DESCRIPTION (provided by applicant): Project summary The aim of this study is to characterize lipid peroxidation mechanisms that are interfering with the insulin signaling pathway in a type 2 diabetes model. As a result of enhanced lipid peroxidation in diabetes, toxic end- products such as 4-hydroxynonenal accumulate and may chemically modify the insulin signaling proteins, contributing to the development of insulin resistance. An emerging hypothesis relates inflammation and a proinflammatory stage as causative factors leading to the overproduction of reactive oxygen and nitrogen species (ROS/RNS) in the disease, with increasing evidence for the involvement of inducible nitric oxide synthase (iNOS) and the deleterious peroxynitrite. The expression of iNOS is upregulated by most, if not all, inducers of insulin resistance as well, and therefore considerable amount of data implies the role of the enzyme in insulin resistance-related processes. My preliminary data demonstrate that both in type 1 and type 2 diabetes, lipid radicals were formed in the liver. The extensive protein radical formation and 4- hydroxynonenal accumulation is mediated by hydroxyl radical production; the lipid radical formation and lipid peroxidation were initiated by the hydroxyl radical derived from iNOS overexpression; this finding suggests peroxynitrite involvement as a primary oxidant.
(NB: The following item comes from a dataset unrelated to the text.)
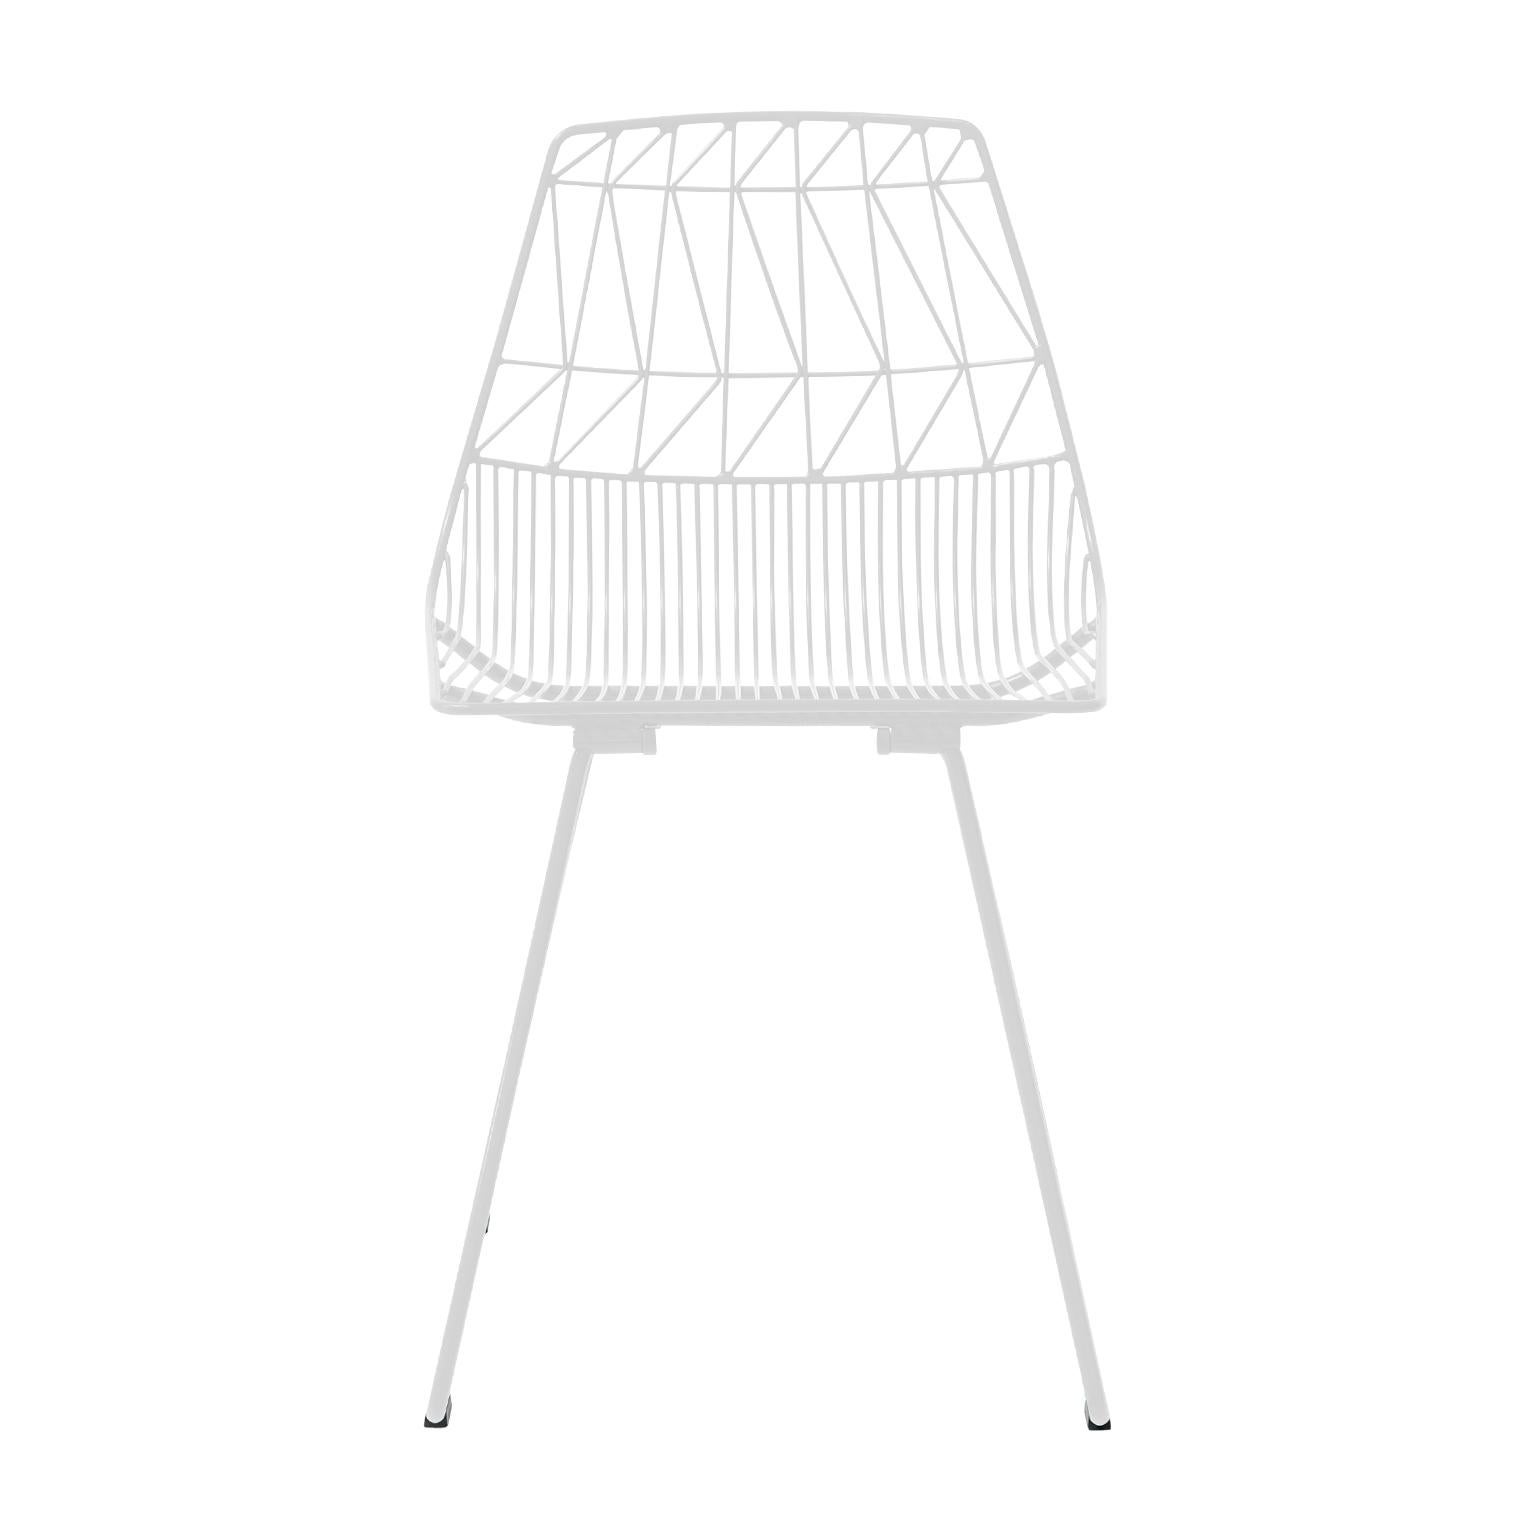 Cette nouvelle chaise classique, inspirée par les designs du milieu du siècle dernier, a révolutionné l'industrie du mobilier métallique grâce à son design épuré, audacieux et frais. La chaise d'appoint Lucy est durable pour les projets commerciaux

Moreover, a similar pattern of lipid radical production exists in a type 2 diabetic rat model with significant iNOS involvement; and the end product 4-hydroxynonenal may interfere with the insulin signaling pathway by making chemical modification on the insulin receptor substrate protein. In this proposal, I intend to further extend these initial studies by 1 - investigating the role of iNOS- driven free radical-dependent initiation of lipid peroxidation in a model of obese type 2 diabetes; 2 - characterizing lipid peroxidation-driven mechanisms underlying the progression of insulin resistance in type 2 diabetic animals; 3 - investigating potential pharmacologic treatments to attenuate and/or delay lipid peroxidation-mediated damage and insulin resistance in type 2 diabetes. These questions compose the core of the work described in this proposal which I believe will profoundly impact our understanding of oxidative stress and free radical mechanisms in diabetes, obesity and insulin resistance.

描述（由申请人提供）： 项目摘要 本研究的目的是表征 2 型糖尿病模型中干扰胰岛素信号通路的脂质过氧化机制。由于糖尿病中脂质过氧化作用增强，4-羟基壬烯醛等有毒终产物会积累，并可能对胰岛素信号蛋白进行化学修饰，从而导致胰岛素抵抗的发展。一种新的假说认为，炎症和促炎阶段是导致疾病中活性氧和氮（ROS/RNS）过量产生的致病因素，越来越多的证据表明诱导型一氧化氮合酶（iNOS）和有害的过氧亚硝酸盐参与其中。大多数（如果不是全部）胰岛素抵抗诱导剂也会上调 iNOS 的表达，因此大量数据表明该酶在胰岛素抵抗相关过程中的作用。我的初步数据表明，在 1 型和 2 型糖尿病中，脂质自由基都是在肝脏中形成的。广泛的蛋白质自由基形成和 4-羟基壬烯醛的积累是由羟基自由基的产生介导的；脂质自由基的形成和脂质过氧化是由iNOS过度表达产生的羟基自由基引发的；这一发现表明过氧亚硝酸盐作为主要氧化剂参与其中。此外，在 iNOS 显着参与的 2 型糖尿病大鼠模型中也存在类似的脂质自由基产生模式。终产物4-羟基壬烯醛可能通过对胰岛素受体底物蛋白进行化学修饰而干扰胰岛素信号通路。在本提案中，我打算通过以下方式进一步扩展这些初步研究： 1 - 研究肥胖 2 型糖尿病模型中 iNOS 驱动的自由基依赖性脂质过氧化起始的作用；图2-表征2型糖尿病动物中胰岛素抵抗进展背后的脂质过氧化驱动机制； 3 - 研究潜在的药物治疗，以减轻和/或延迟 2 型糖尿病中脂质过氧化介导的损伤和胰岛素抵抗。这些问题构成了该提案中描述的工作的核心，我相信这将深刻影响我们对糖尿病、肥胖和胰岛素抵抗中氧化应激和自由基机制的理解。